Think of your very best small business clients. They’ve been going strong for years. They keep their budgets as trim as they can, but they don’t skimp on your cybersecurity services. They’ve signed up for your best antivirus software offering and best firewalls. They have a well-qualified IT staff member on the inside to work with you, and they follow all your recommendations around employee access to company devices or files from an unsecured network. You think, no one will breach their business, and this client is so small, who would want to try?
One Friday afternoon, as you’re wrapping up a particularly profitable month of service for this client, you get the call that their entire network has gone dark, and they’ve lost access to all company files and data. They are under cyberattack. Despite your best defenses, a hacker infiltrated the fortress you built to protect the client. All their customer data has been compromised, and they are being asked for a big ransom payment to restore access to their files. There’s nothing you can do.
Worst of all, your client doesn’t have cyber liability insurance (CLI) – the one last layer of protection that might have help them weather this storm. Three months later, the client is facing bankruptcy, and threatening to sue you for damages.
This might be a hypothetical scenario for you, but it’s a story that gets played out almost every day. For any small or medium-sized business (SMBs), the possibility of an attack and subsequent failure is very real. Small businesses make up 43 percent of all data breaches, and with hackers striking every 39 seconds, the odds of escape are not in an SMB’s favor – this is the current reality for our intricately connected business world.
Even if you take every viable security precaution to protect your clients, it’s not enough. The dark actors of cyberspace never rest. They continually modify and advance their methods, looking for detours around safeguards and new egress into networks to the valuable data that lies within. This is why cyber liability insurance (CLI) is quickly becoming the next level of defense for many businesses.
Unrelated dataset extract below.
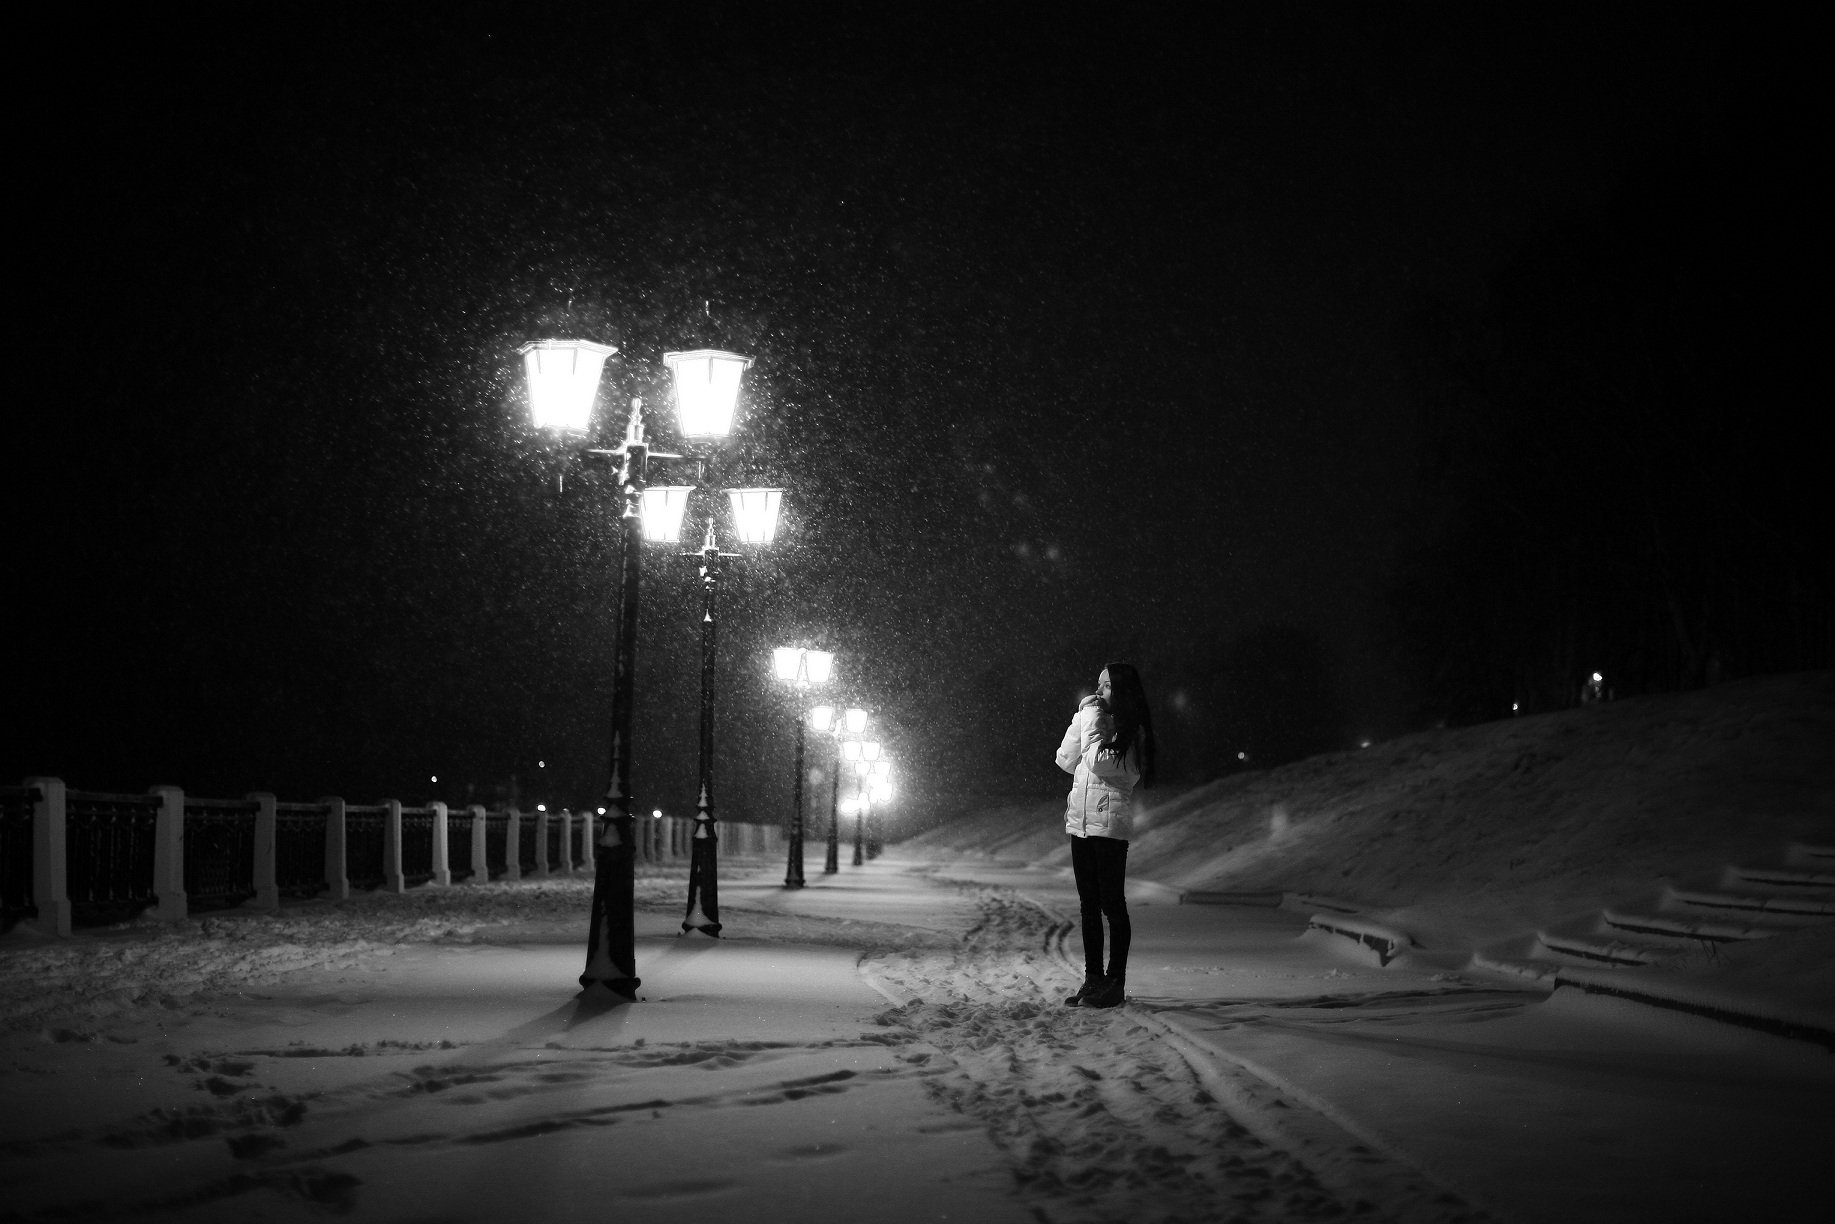 canon, 50mm 1.2, winter, Stark Anthony

Much like auto or homeowner’s insurance, CLI can help recover the cost of a compromising event. Most cyber liability policies cover elements such as:
- data restoration
- legal expenses
- breach notifications to customers
- cyber extortion, privacy liability
- network business interruptions
Most important, these policies can protect you – the MSP – as well, and also cover the cost of your services to remediate the aftermath of a breach.
But there is a catch when it comes to cyber liability policies. Much like auto and homeowner’s insurance, the cyber liability policyholder must be able to prove that they have been in compliance with the IT security terms of the policy in order to receive payout on a claim.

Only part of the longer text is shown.